→ WORK INSTRUCTION
Each line of the material below is to be written out exactly. Leave out any picture.

Segment Start: SUPPLIED MATERIAL

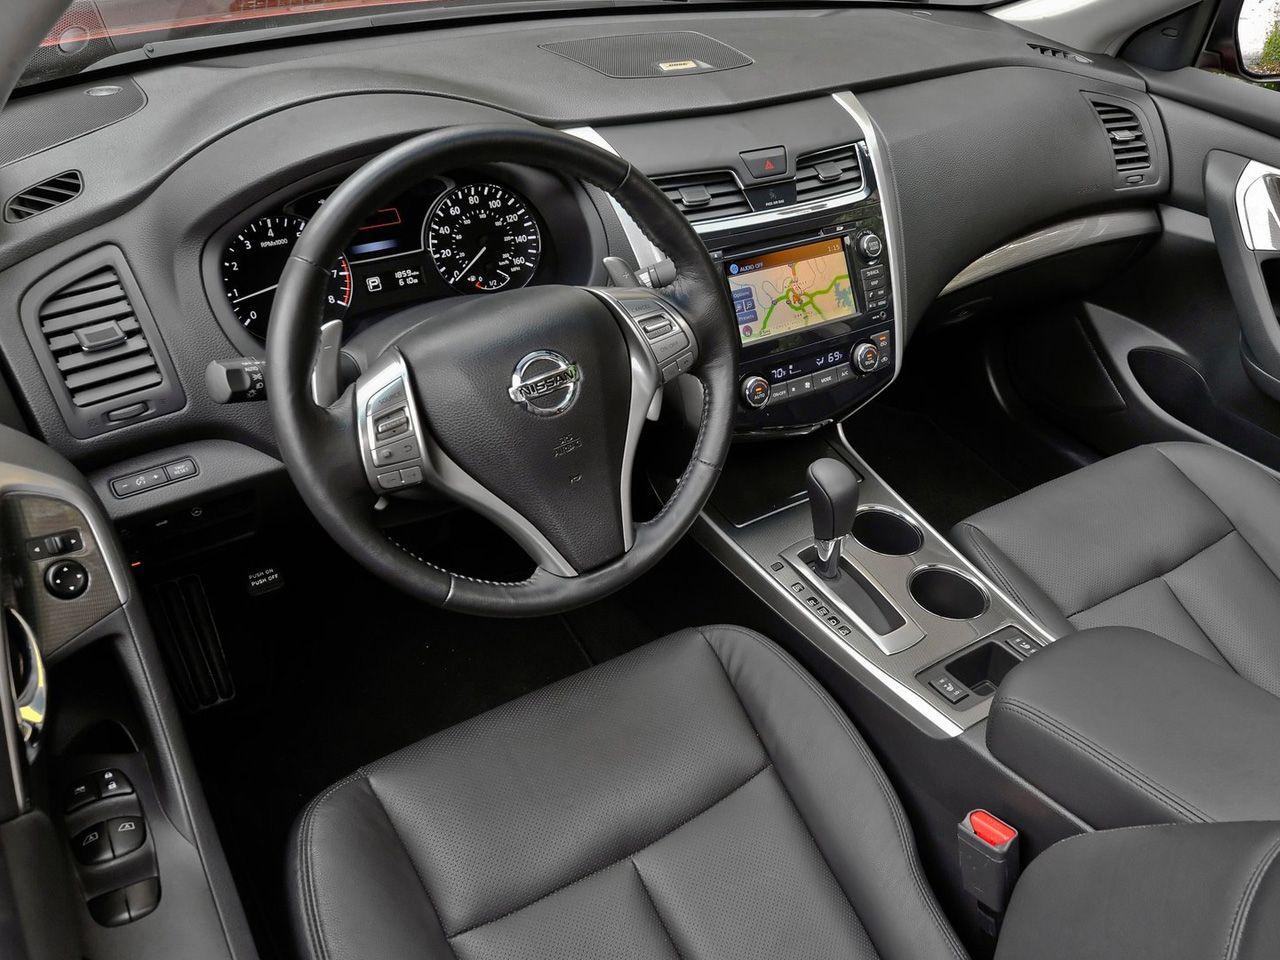 2006 Nissan Murano Interior Black   Google Search
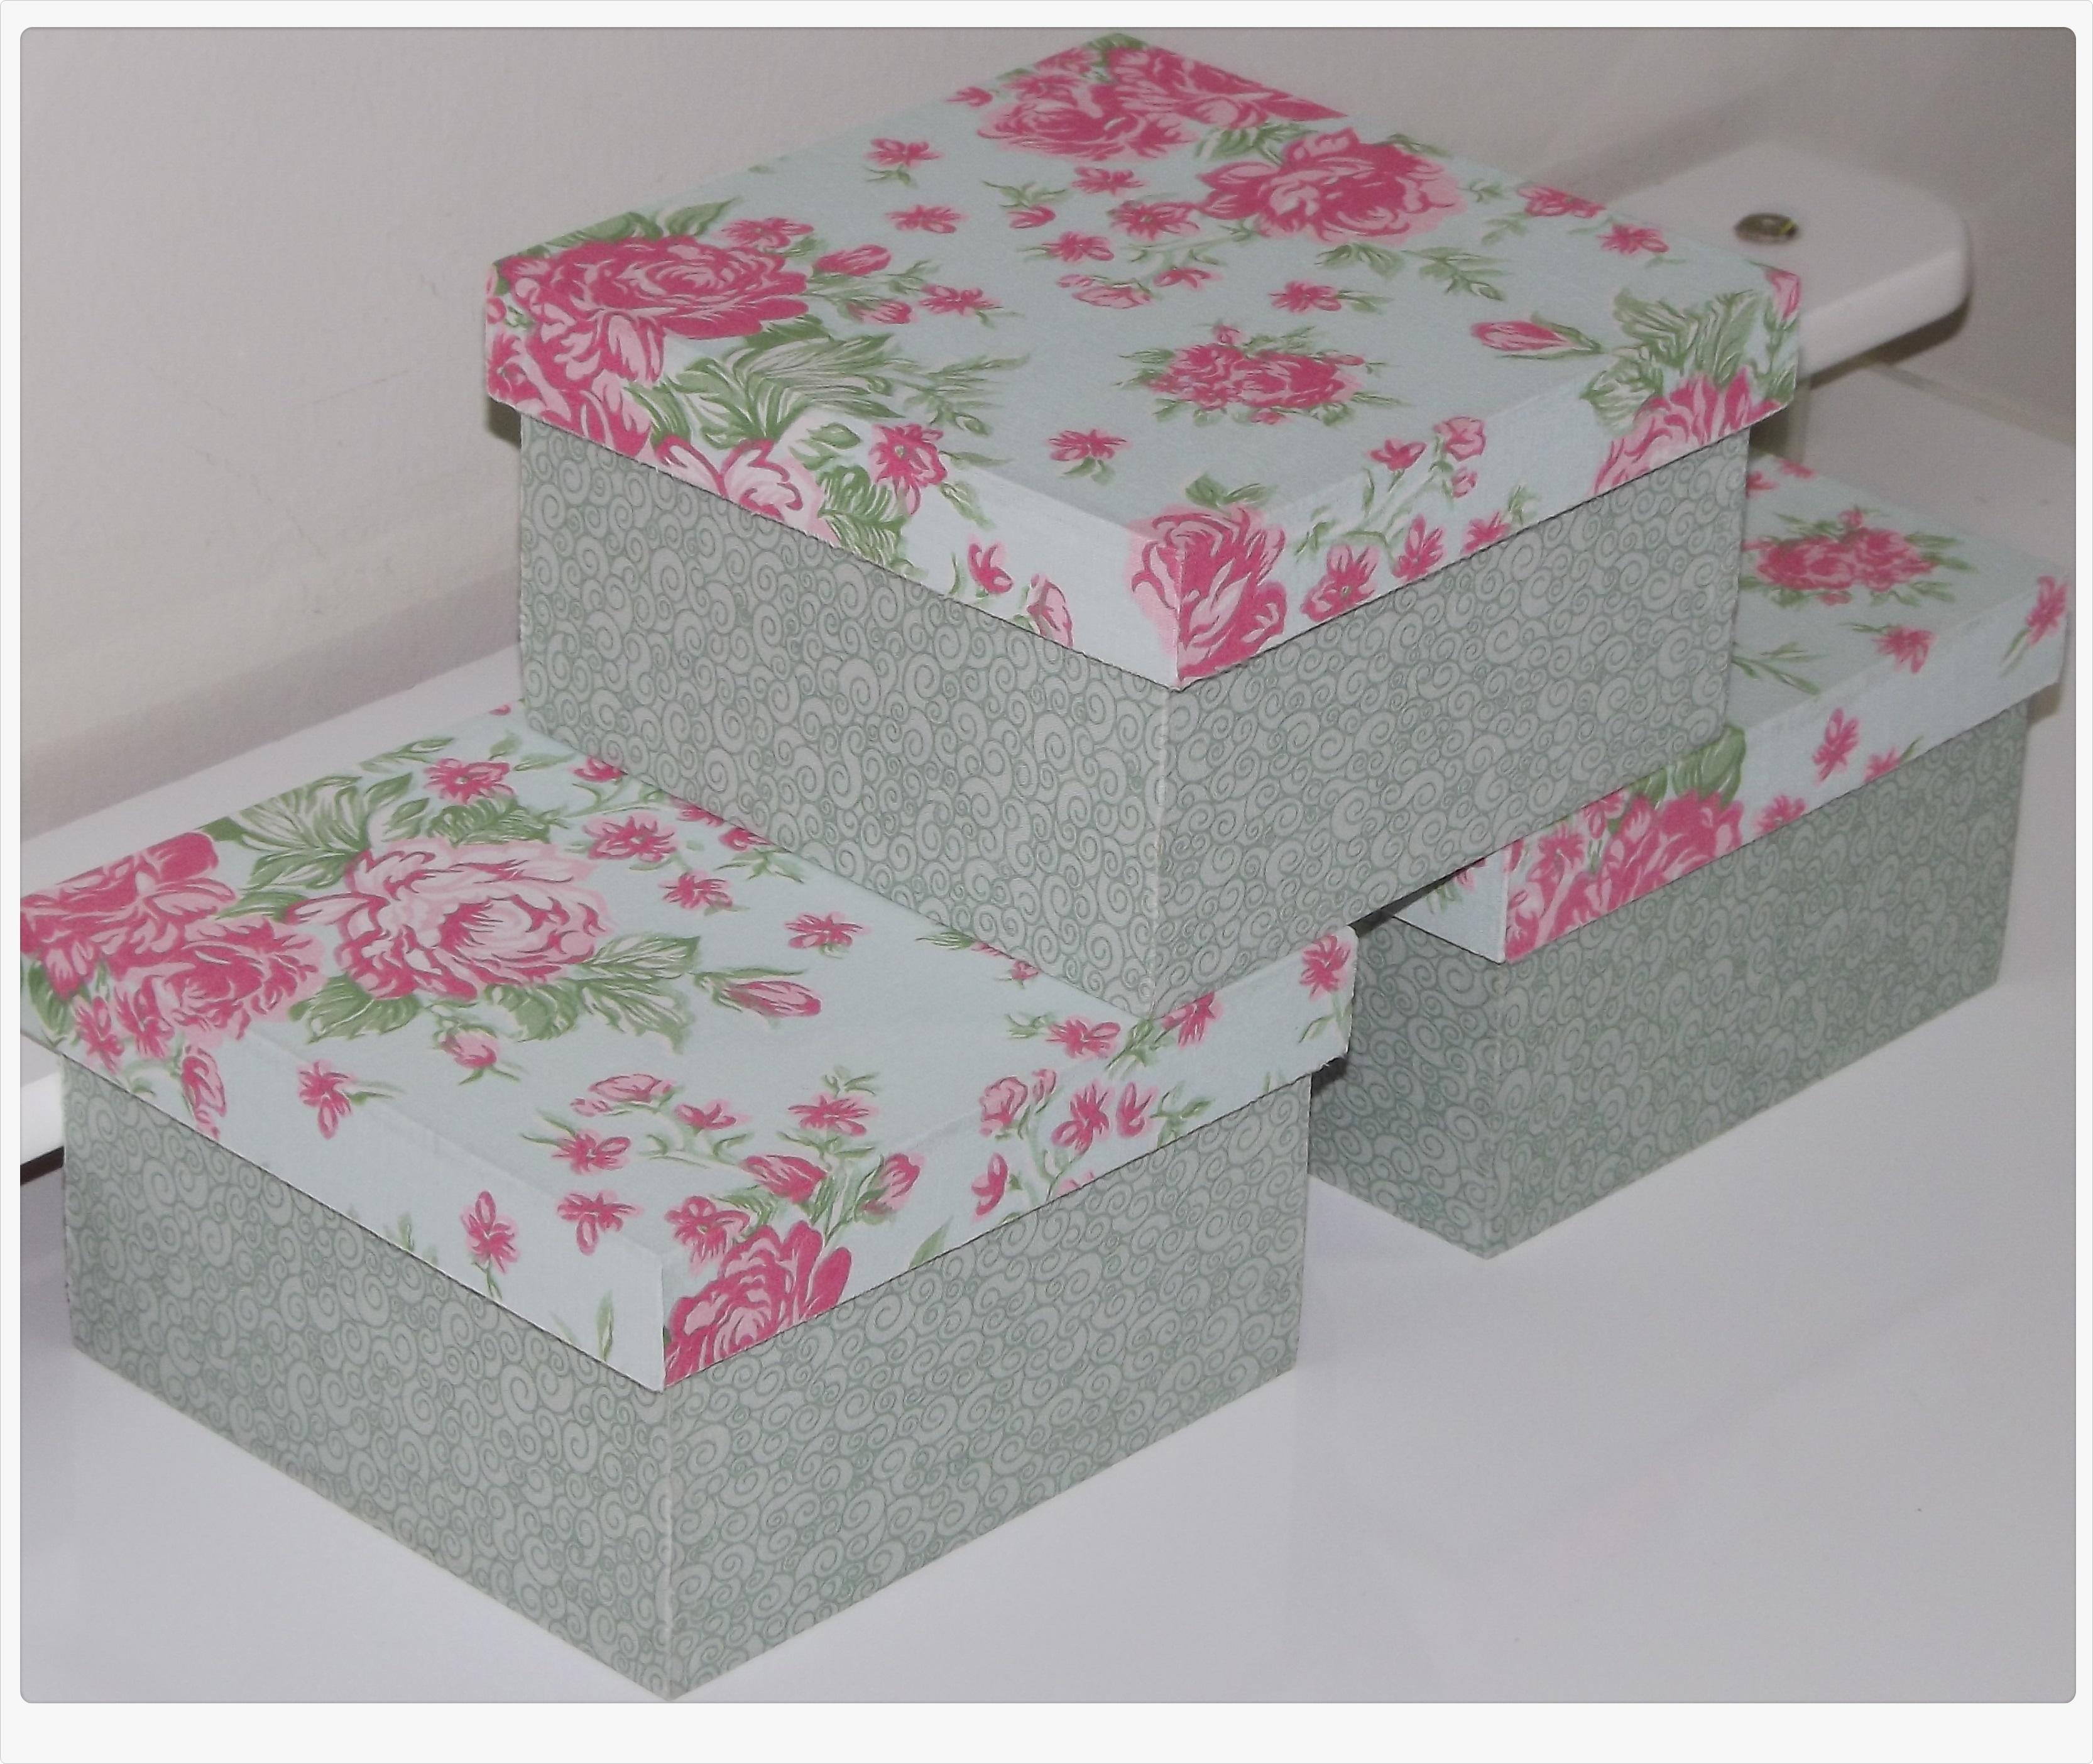 caixas em mdf forradas com tecido caixas mdf #8D3E59 3331x2807
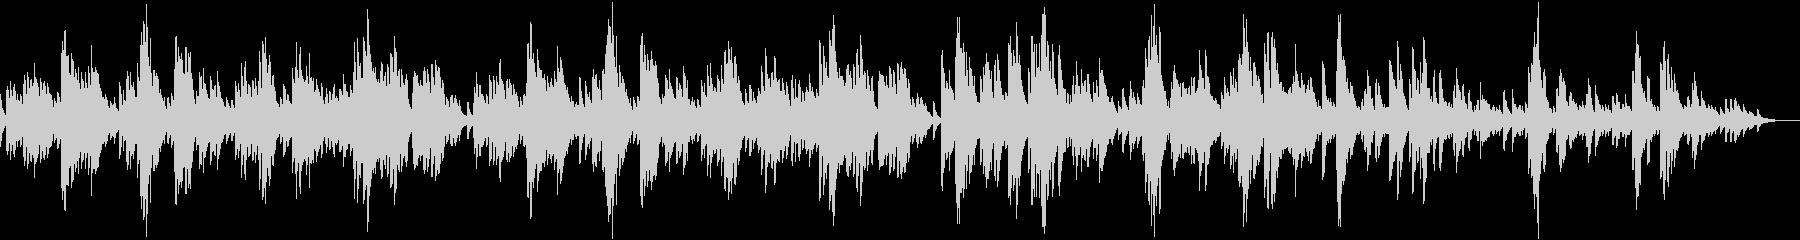 旋律の美しいゆっくりなピアノの曲の未再生の波形
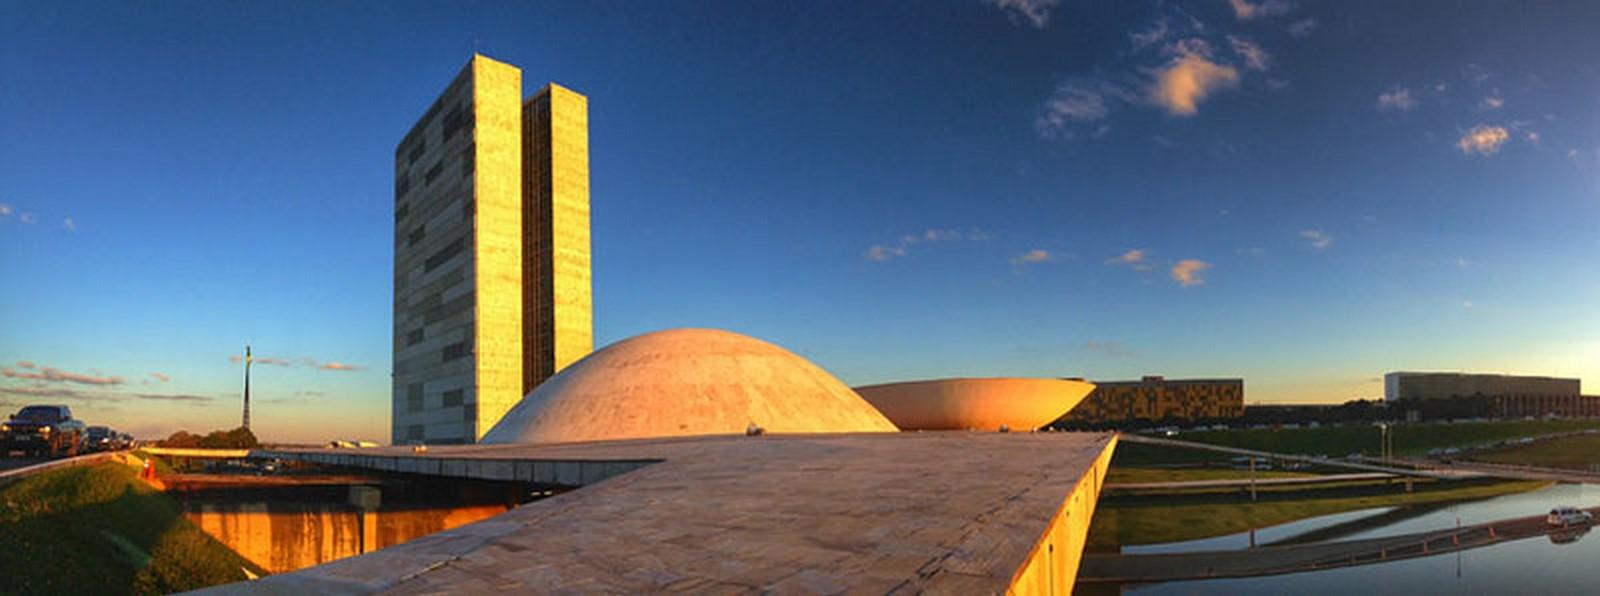 The National Congress of Brazil - Sheet1

Segment End: SUPPLIED MATERIAL

→ ANSWER TO THE PROBLEM
 2006 Nissan Murano Interior Black   Google Search
 caixas em mdf forradas com tecido caixas mdf #8D3E59 3331x2807
 旋律の美しいゆっくりなピアノの曲の未再生の波形
 The National Congress of Brazil - Sheet1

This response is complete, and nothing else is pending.